It used to be that analysts had a consistent way to evaluate corporate earnings, how they were derived, and how likely it was for those bottom-line dollars to continue to be produced. Increasingly, however, we have to be careful to distinguish between earnings and earnings.
Things
may look the same as before (after all, profits are profits) but the origin of
earnings growth today is far from the pattern we would like to see happening as
a norm.
A
loss of general accounting and ethics uniformity during the past decade or so underscores
the fact that companies have fallen into the bad habit of manipulating balance
sheets, playing with their product lines, cutting their workforce, and shading
their conversations with the media in order to conform to a set of Wall Street-led
expectations about what it means to be a profitable corporation and how their share
price should be reflected by those expectations. While
it is true, mathematically speaking, that a profit is good for shareholders, I
believe that those which derive from alchemy and manipulation, and not an
increase in consumer demand, set up a false calculus about the fundamentals of
economics and the framework upon which this bull recovery has been built. The
moniker "too big to fail" no longer applies only to financial
institutions. Tech stocks, traditional
household brands, and energy conglomerates are like big battle ships stuck in
the water searching for an escape lane. Simply raising prices, or reducing
packaging size, is not doing anyone any good when it comes to public relations
or economic sustainability.
Opinion
polling tells us that business is held in low esteem (along with politicians
and banks) which diminishes its prospects for the future, and heightens a
distaste for the fortunes of those who run them. Market activity last week typified this
point. There was a wide mix of companies that reported reasonably good earnings
whose share price paid the ultimate penalty because shareholders just couldn't
see how much longer the largesse might continue. Earnings acceleration is not always rewarded
by share price appreciation.
Tell
me, when you open a box of your favorite snack food do you notice that net
weight and product portions are shrinking?
Isn’t
it annoying, too, when companies raise prices just because they can?
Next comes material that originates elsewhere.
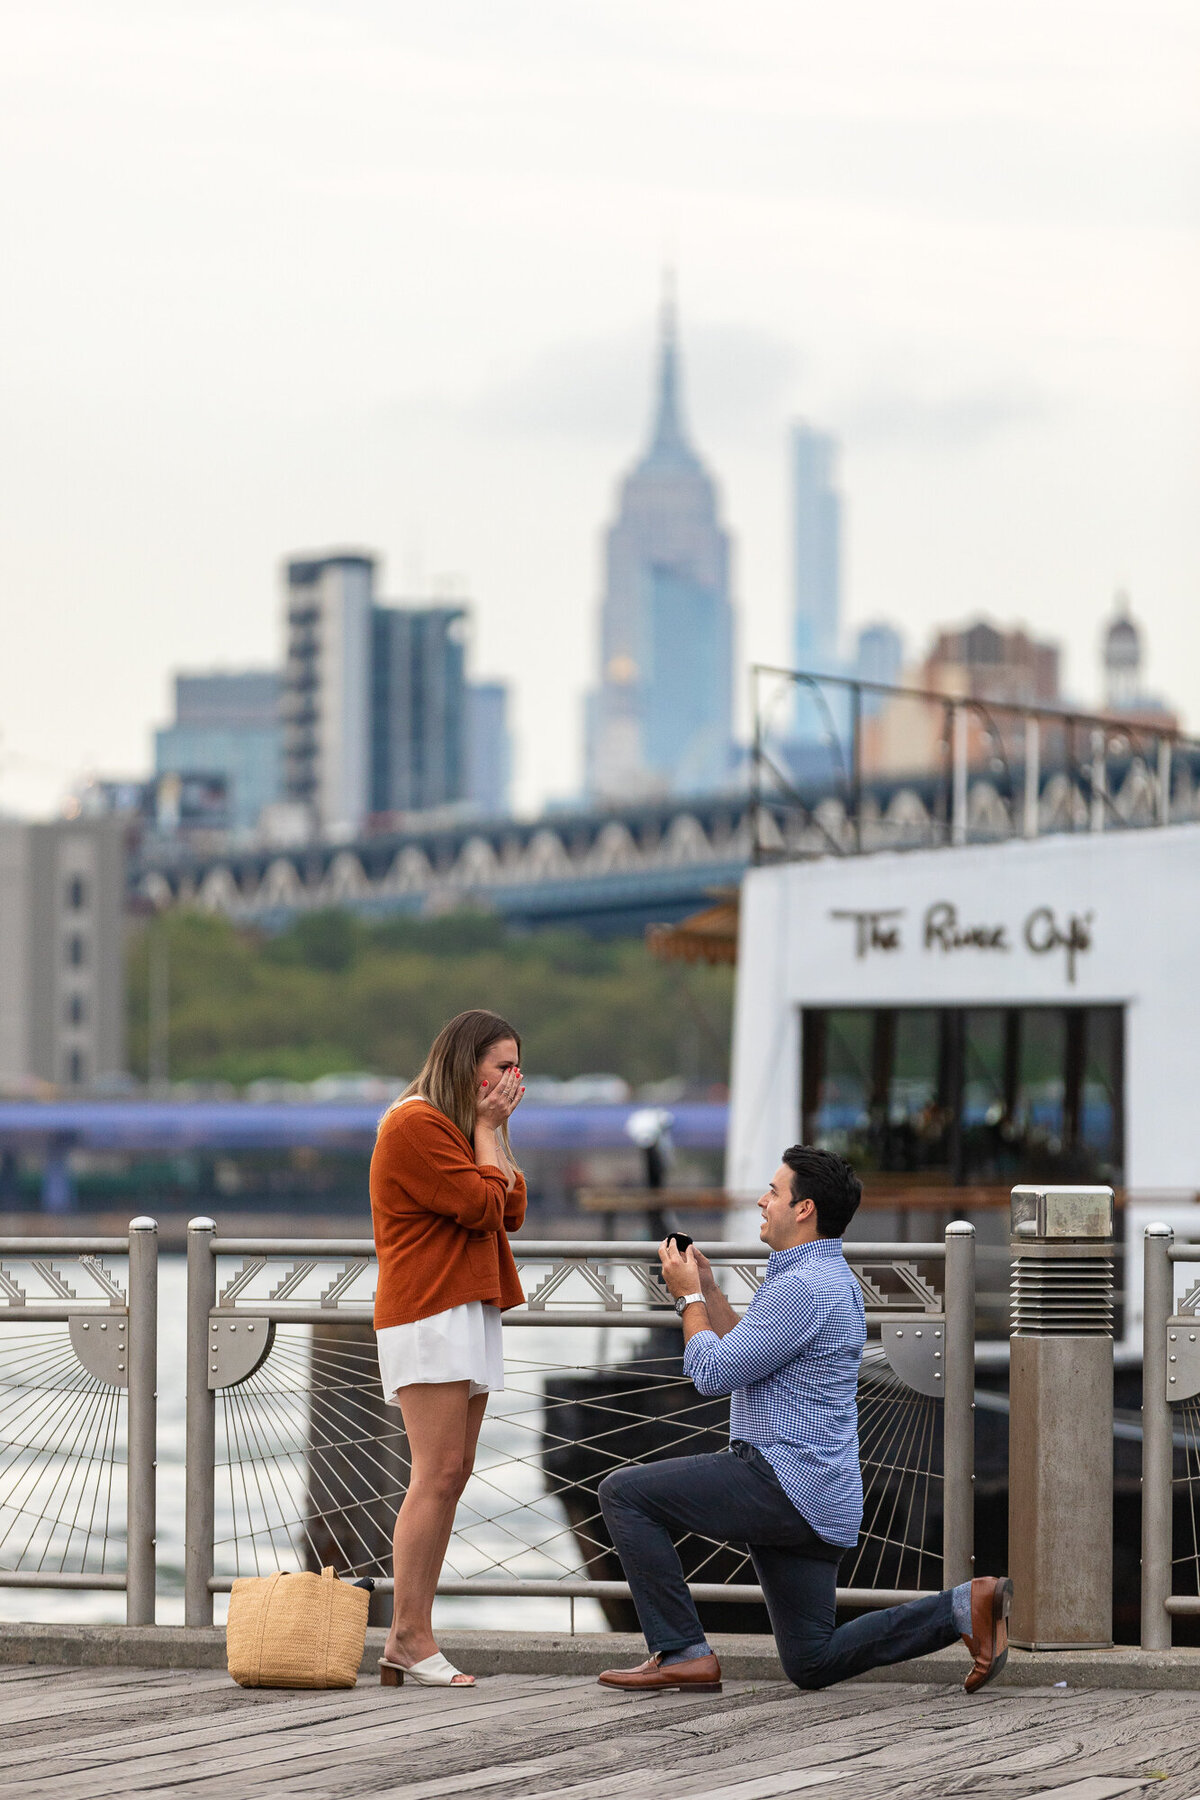 A person kneeling down and proposing to their partner.
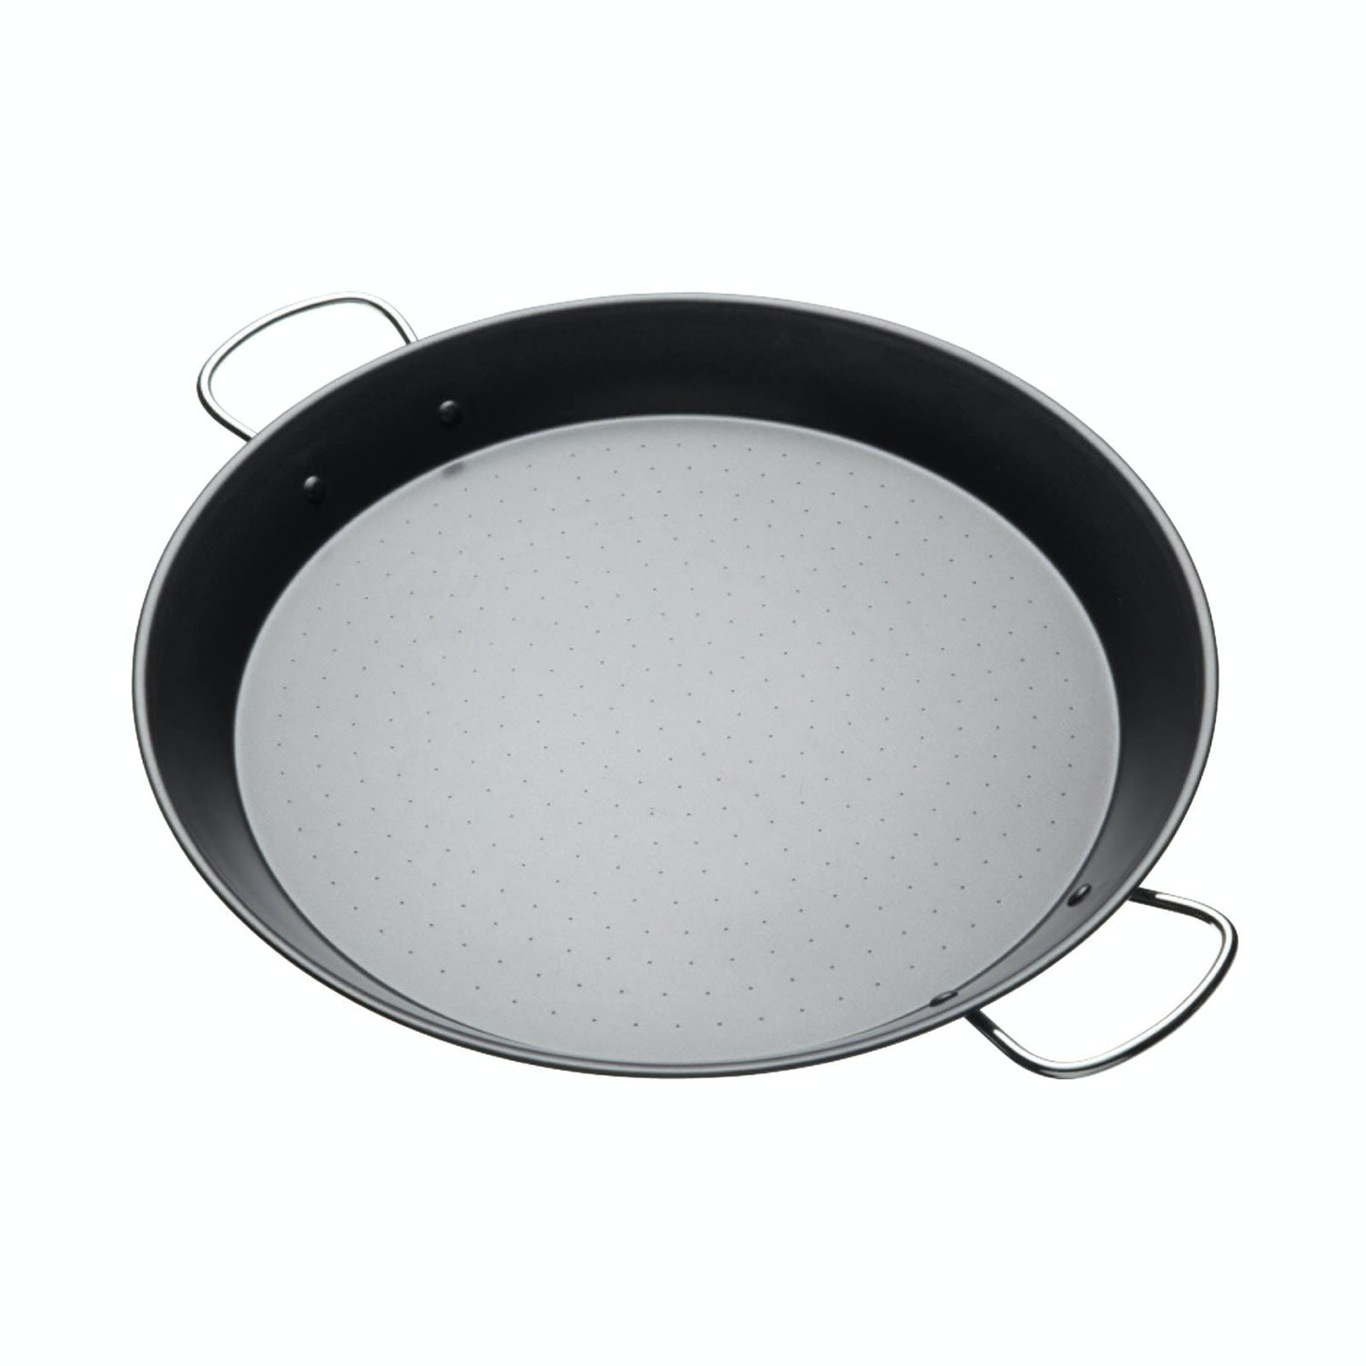 World of Flavours Paella Pan, 40 cm

Clearly, we've turned the corner on
compassion and restraint. Discounting and
customer incentives are so last year!!
Unnecessary
and indiscriminate price increases are harmful to the economy, the consumer, and
corporate public relations. There is
always a danger that consumers might "tune out" the message if they
feel as if they are being taken advantage of.
In a world where demand should drive sales and pricing power, business
is putting the cart before the horse, focusing more on profits to the exclusion
of customer satisfaction. It is more
productive to respond to a broader macro secular evolution slowly than to try
to milk performance out of a dry stone for the benefit of financial analysts.
Does
money equal loyalty?
Are
core costs rising? Yes they are. And yet, this anecdotal information is
contrary to what published statistics are telling us about inflation. Certainly, statistics can't always be
believed nor are they applied unvaryingly across the board for all cases. But if, in fact, there is no/low inflation, how do you account for
an increase in airfares, or tuition, or movie tickets, or hamburgers, or bridge
tolls, or new clothing, or that "shrinking bag" of potato chips? You get the point.
Instead
of holding fast on prices as they did during the recession, many companies are
forecasting an increase for the next year.
While no one begrudges the right for business to make money, they
sometimes pander to the need for Wall Street to make money off of them.
At
a time when competition for consumer's dollars is increasingly ferocious, sales
growth could be reaching an exhaustion point.
Manufacturers last week reported slower growth for the quarter, while
new orders are stagnating from the weight of world tensions. It just might be that we are reaching a
temporary apex in the recovery. The best
way to bridge the gap from recession to global boom is to be mindful of
political, social, and moral necessities for all market constituents. Even corporate presidents need to avoid the
appearance of greed and hoarding, or risk the wrath of disgruntled consumers.
The
thought that they are driving customers into the arms of a competitive vendor would
be abhorrent to any executive. However,
walking on "thin Ice" is not a successful business strategy, either.